Organizational Systems and Quality Leadership
Western Governors University
Leslie Baylor
A. Complete a root cause analysis (RCA) that takes into consideration causative factors that led to the sentinel event (this patient’s outcome).
“A central tenet of Root Cause Analysis (RCA) is to identify underlying problems that increase the likelihood of errors while avoiding the trap of focusing on mistakes by individuals” (AHRQ,
2012). The prevention of errors is the main emphasis of a RCA. The process begins with gathering data in regards to the event, then the data needs to be analyzed, and the final step is to find solutions to the errors that were found so that a reoccurrence of the same error doesn’t occur again. The team should consist of nurses, physicians, pharmacists, therapists, hospital administrators. Once the team is assembled they should work through the RCA process. This should begin with the patient and staff involved in the error being interviewed so data can be obtained that is important to the situation. The team then works together to find the root(s) of the problem. Once the root problem(s) is found the team comes up with solution(s) to help the error to not occur again.

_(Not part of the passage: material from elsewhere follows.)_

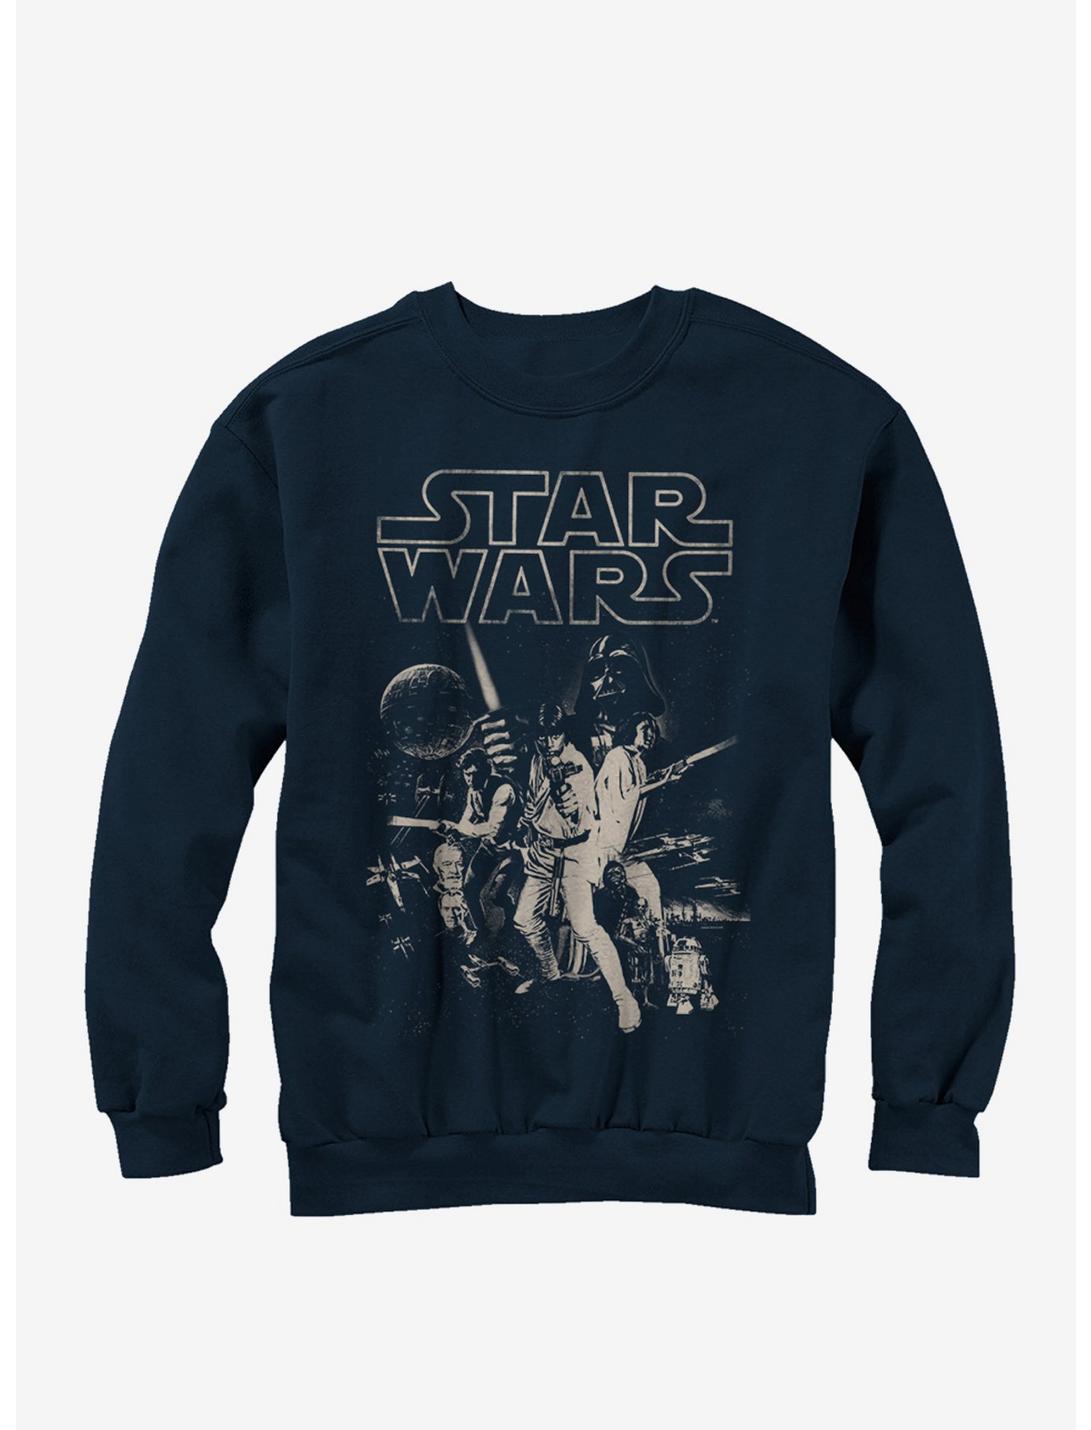 Star Wars Classic Poster Navy Blue Sweatshirt, NAVY, hi-res

There were multiple smaller events that led to the adverse event in the case of Mr. B. When the case is looked at there are several things that can be identified as part of the problem. Human and facility errors can be part of the result of the adverse event that occurred.
In this case Mr. B, a 67 year old male patient presented, to the rural hospital that has a 6 bed
Emergency Department (ED), with severe pain to his left hip secondary to a fall.
While
seeking care he came across some obstacles that led to his death. One of the main obstacles that he ran into was the staffing in the ED, which consisted of only one Registered Nurse (RN),
Nurse J., one Licensed Practical Nurse (LPN), one Physician (MD), Dr. T, and a secretary.